Last week, I implemented the initial requirement for synchronisation of files between Mindbender and artists working remotely. Shortly thereafter I made a discovery and realisation.

  • Assuming everyone works in the cloud
  • Assuming all cloud machines share a cloud drive
  • There is no need for transfer or synchronisation of any kind

Each of the cloud providers offer an option to also host data in the cloud. When both machines and data are in the cloud, no transfer is made. It’s the equivalent of everyone working locally, sharing a local drive.

Except these drives are large and fast. Large as in infinitely scalable (at an price reflecting how much you need and use) and fast as in 400mb/sec write, 1000mb/sec read over a shared 10gb network connection in a private network.


Security and Data Protection

Last week I spoke briefly about the issue of cloud storage in conjunction with our line of work. This week it has been made more clear the limitations of this approach and what price we are likely to pay.

In short, money is proportional to the requirements of a job.

For Mindbender to increase its turnover, it will need to take on greater projects and clients providing projects of greater heights are more inclined to care about data protection.

What that means is that in order to increase turnover, Mindbender can either..

  1. Increase the amount of smaller jobs
  2. Increase the size of jobs

Which effectively means that in order to 10x turnover, Mindbender would need to either 10x the number of jobs, or 10x the cost of accomplishing those jobs.

The question to ask ourselves then is, do we want quantity or quality?

Interviews

In order to better drive the point home, I ventured out to capture some data on the relevance of data protection. In the interest of anonymity I will refrain from naming names.

After a chat with a senior figure at an established visual effects facility in London, a studio the size and production tasks of what I expect Mindbender to reach within the next few years (50-100 employees, tv commercials and minor film work), a few things became clear.

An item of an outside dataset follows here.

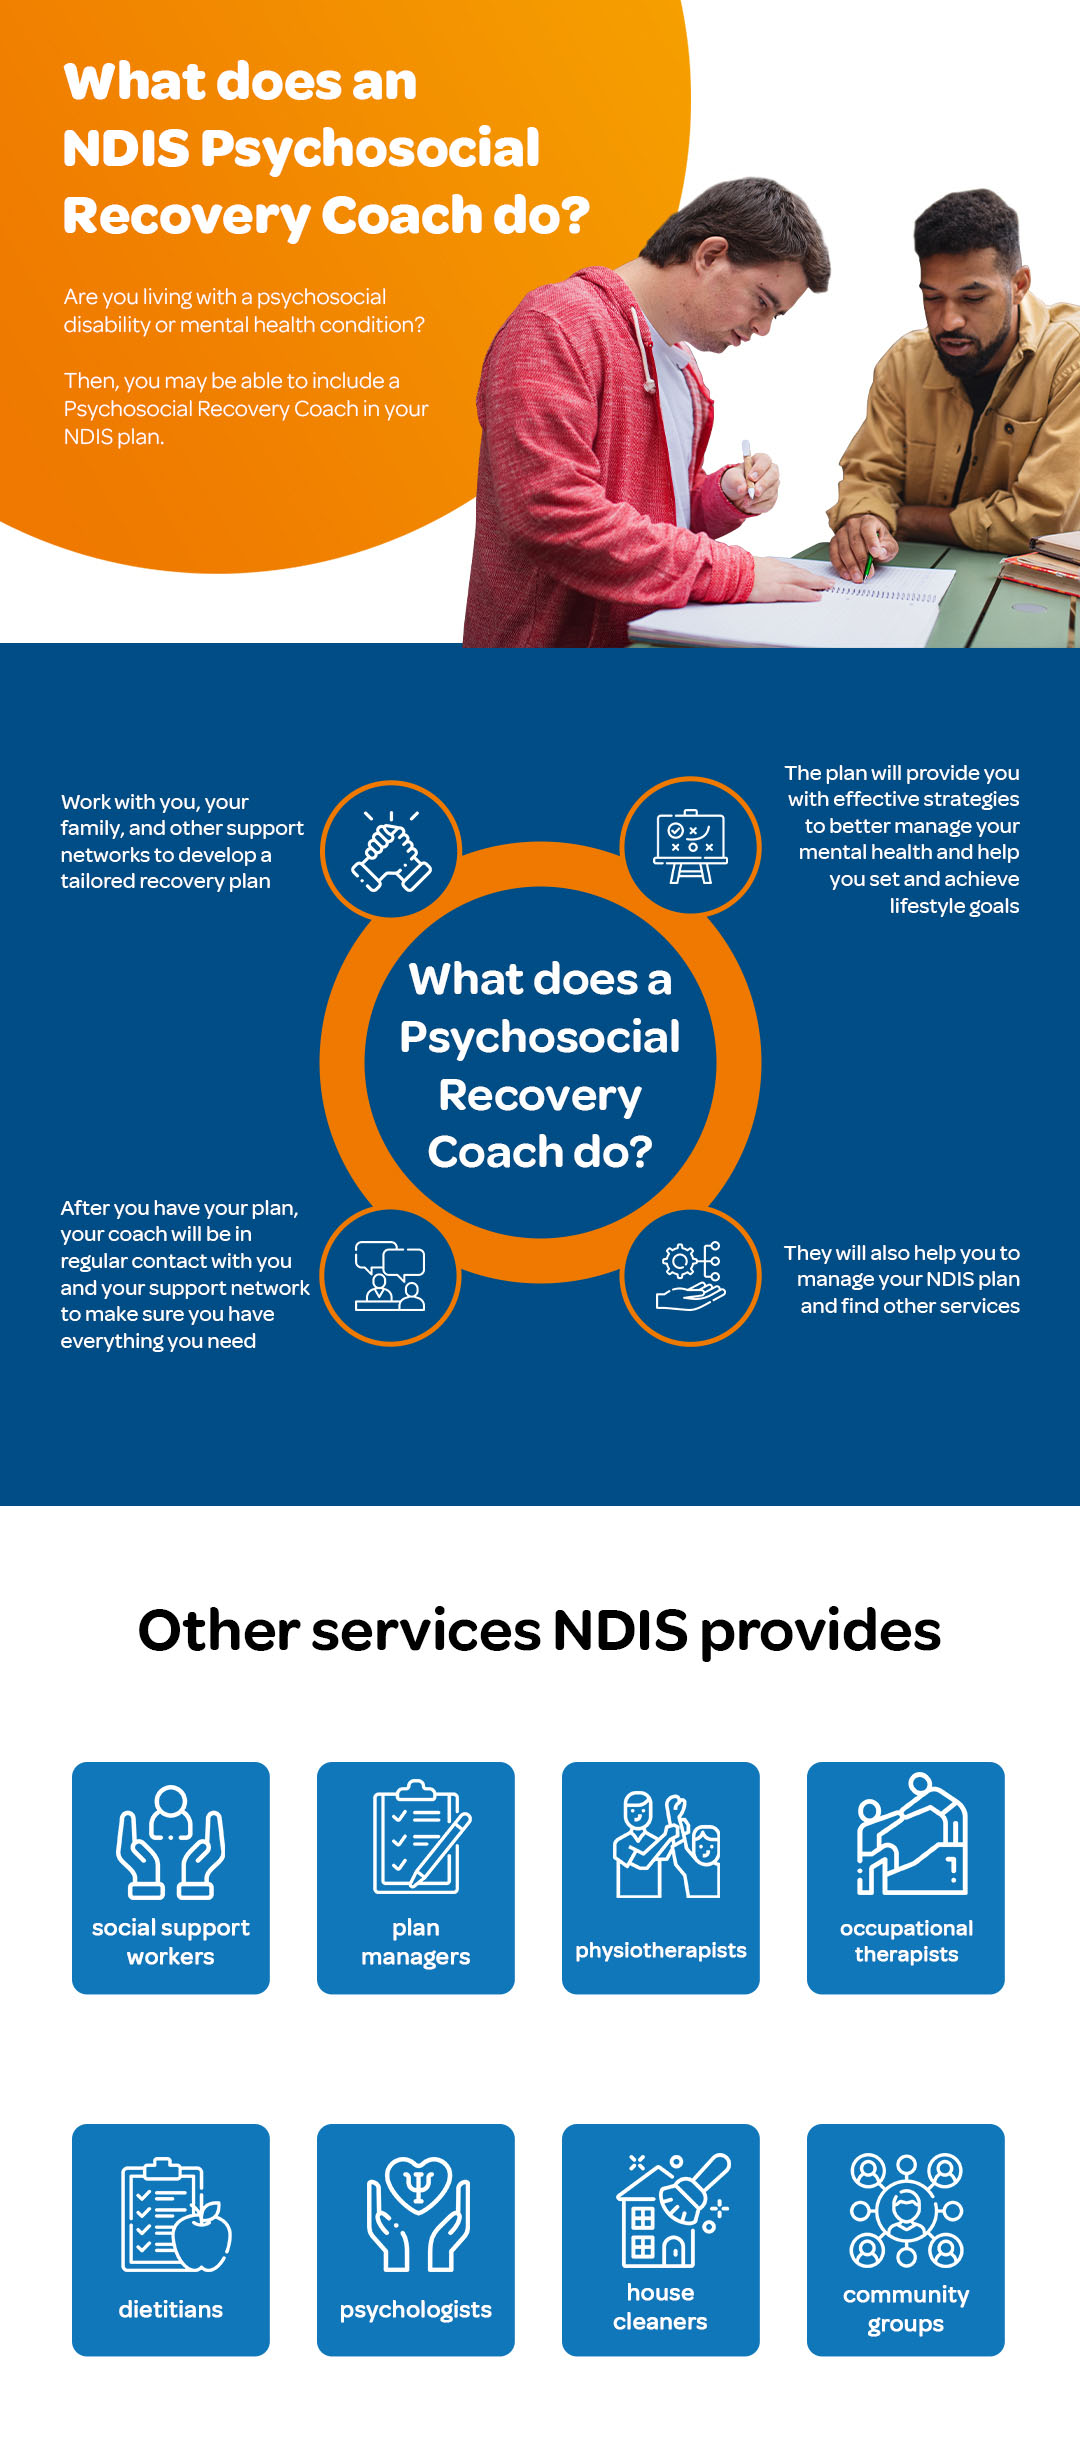 What Does an NDIS Psychosocial Recovery Coach Do?

  1. They tackle high-profile work
  2. Their clients care about confidentiality
  3. They care about confidentiality

..for example, if even a single still frame of Groot were to leak before the movie was released, a client may face $40 million of financial losses due to damaged hype.

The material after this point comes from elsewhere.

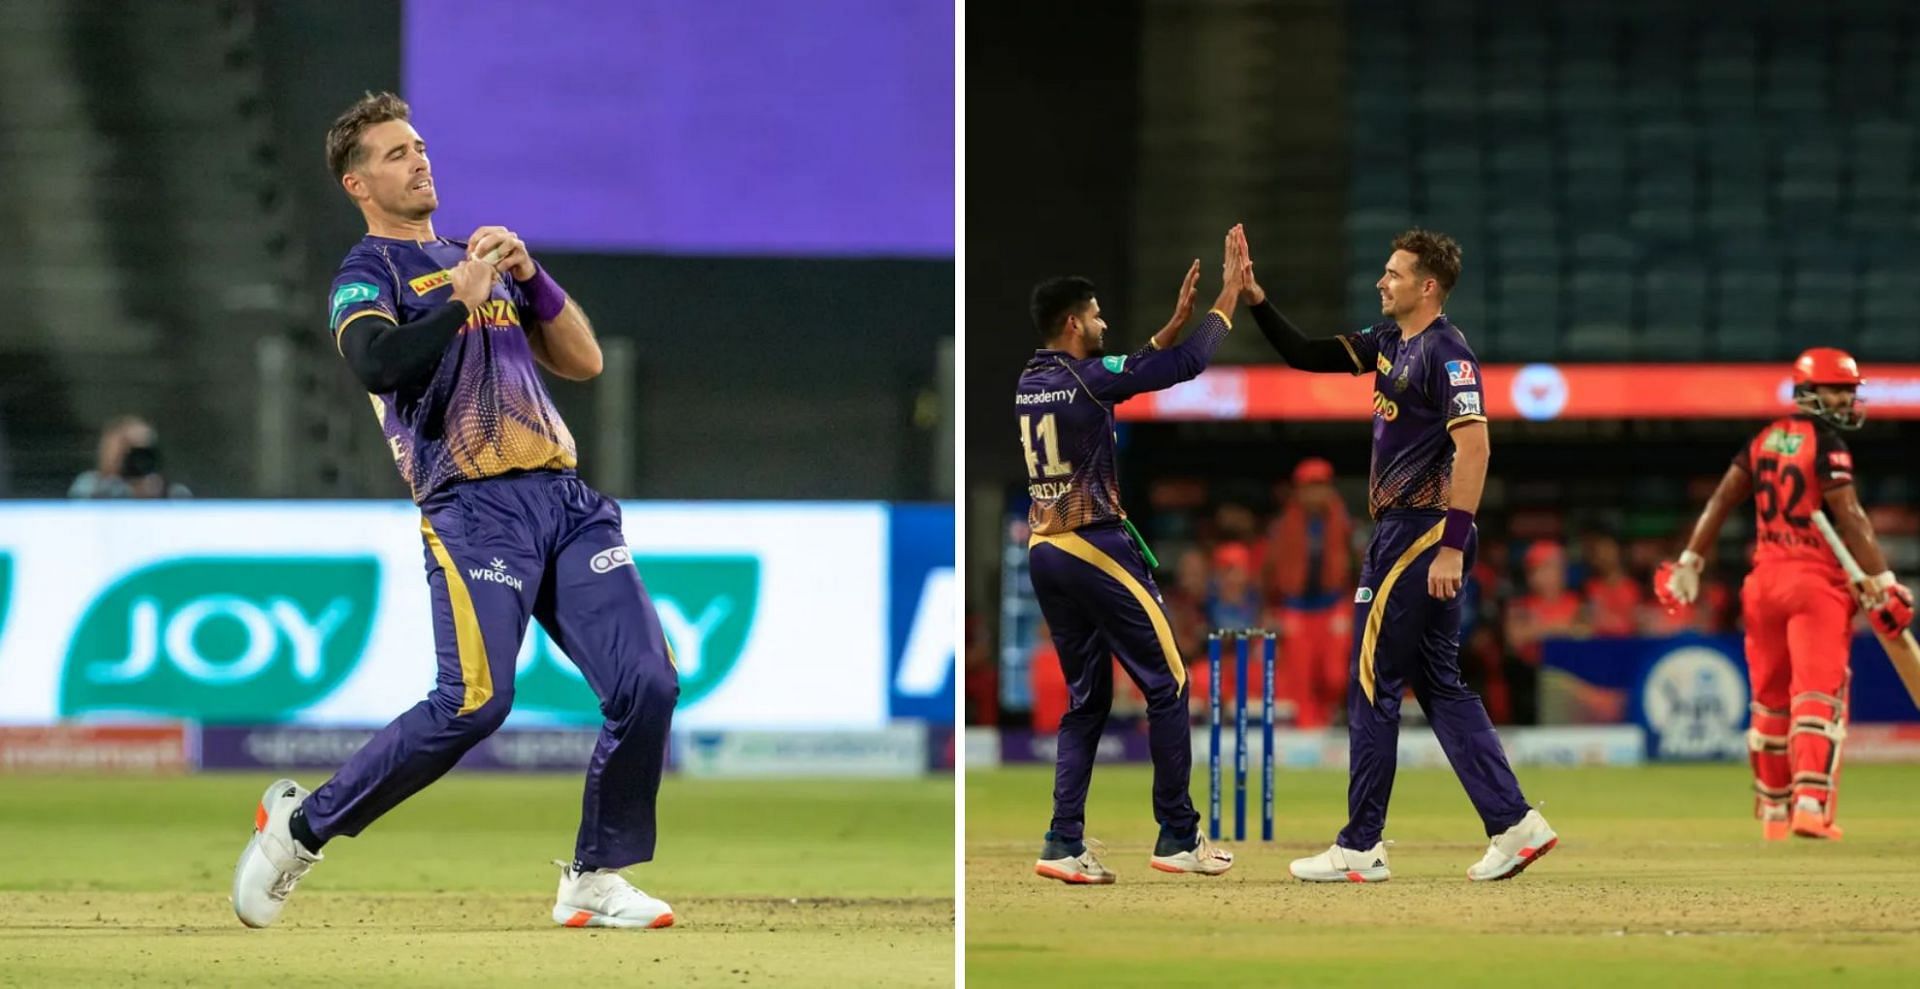 Tim Southee takes a brilliant catch on the follow through (Credit: BCCI/IPL)

An extreme example from the perspective of Mindbender, but assuming film is where we are headed, perhaps not so extreme after all.

Due to increasing demands from one of their clients, security gates are installed between rooms within their facility with mandatory pictures taken of their faces and a log kept of who went where and when. This in combination with the fact that you cannot enter the facility without a “scan” where you are deliberately unable to view the inside of the facility prior to finishing this initial gate.

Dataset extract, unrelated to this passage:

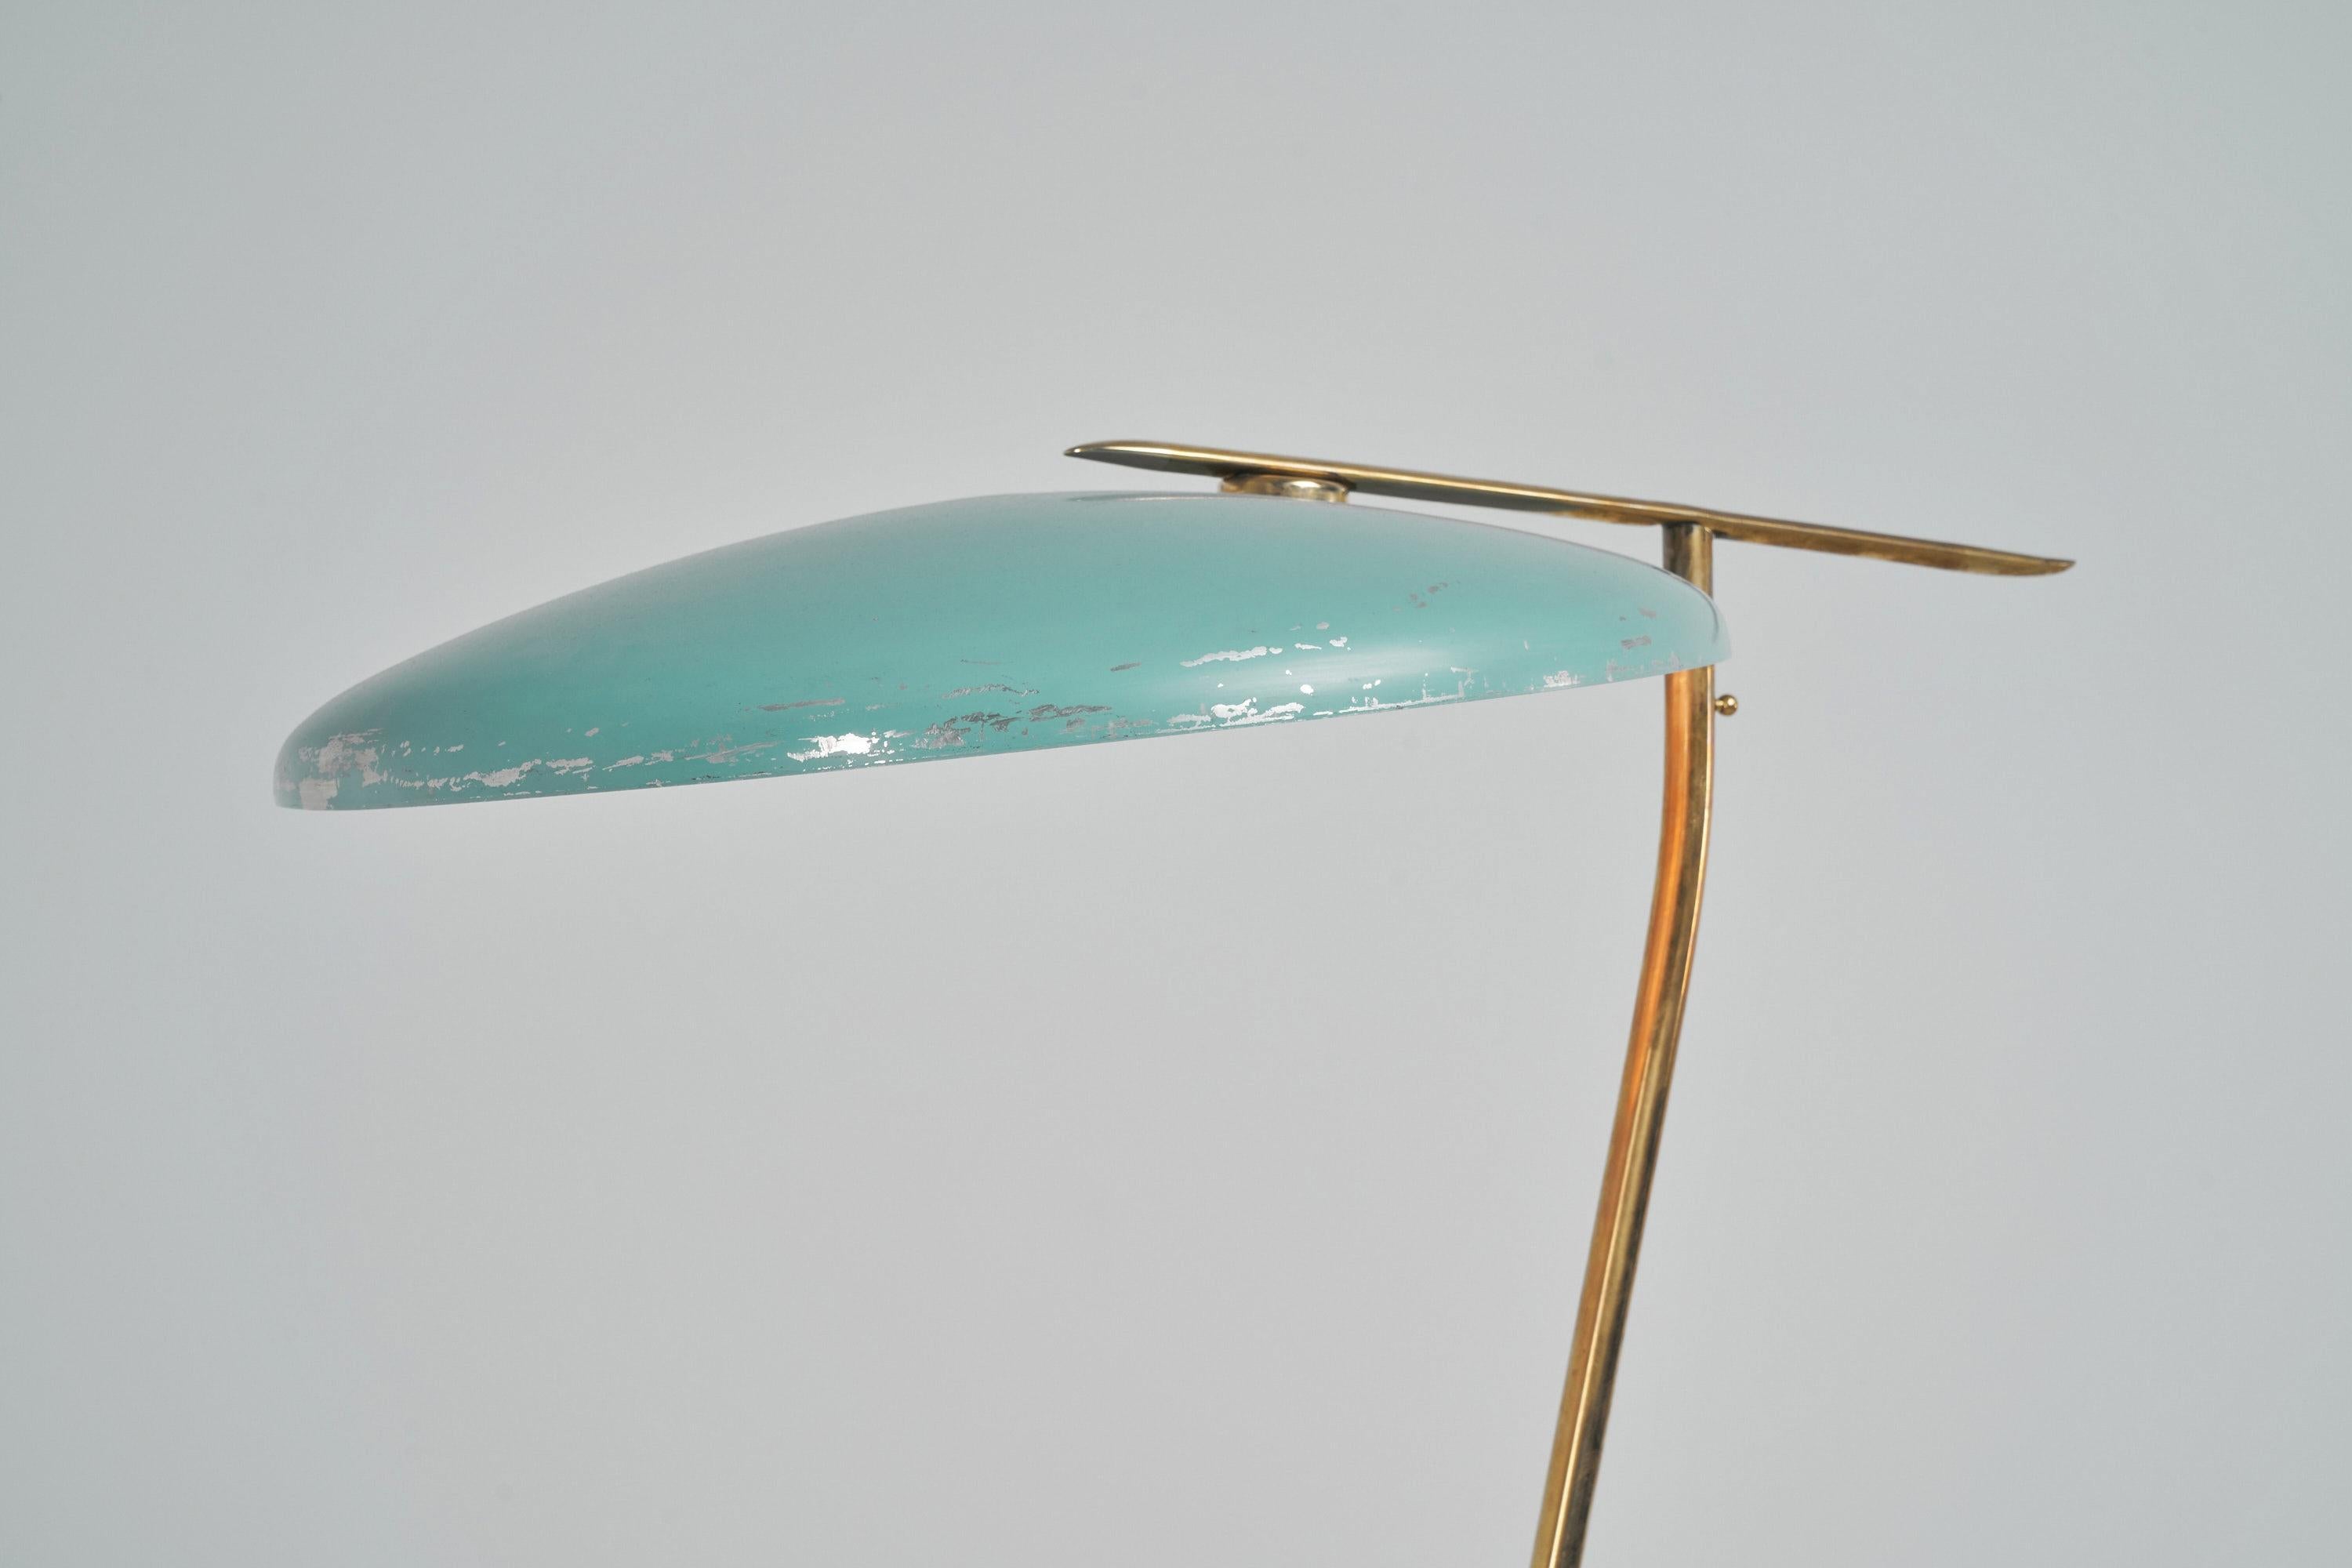 Rare large floor lamp designed by Oscar Torlasco and manufactured by Lumi, Italy 1950. This large sized floor lamp has nice proportions and an interesting asymmetrical shape. The large brass base is slightly bent so it will keep its balance with the

Another visual effects facility in Stockholm Sweden of 10-15 employees working with high-profile clients require artists working on a given project to not gain knowledge from other artists working on other projects, towards the same client. The client was concerned enough about leaks that even co-workers were unable to discuss their projects with each other. Black-out curtains were drawn between the islands of desks within which a given project was being conceived.

Needless to say, their data was on-premises whereby the mere idea of hosting anything “in the cloud” was completely out of the question.

The Result

If we do venture into the cloud and enable artists from any location to take part in our production, we accept one major limitation.

We cannot guarantee the environment within which work is performed.

This means we cannot guarantee to our client that we take measures to protect their IP, we cannot manage from where their IP is accessed and by whom (a username and password is all it takes).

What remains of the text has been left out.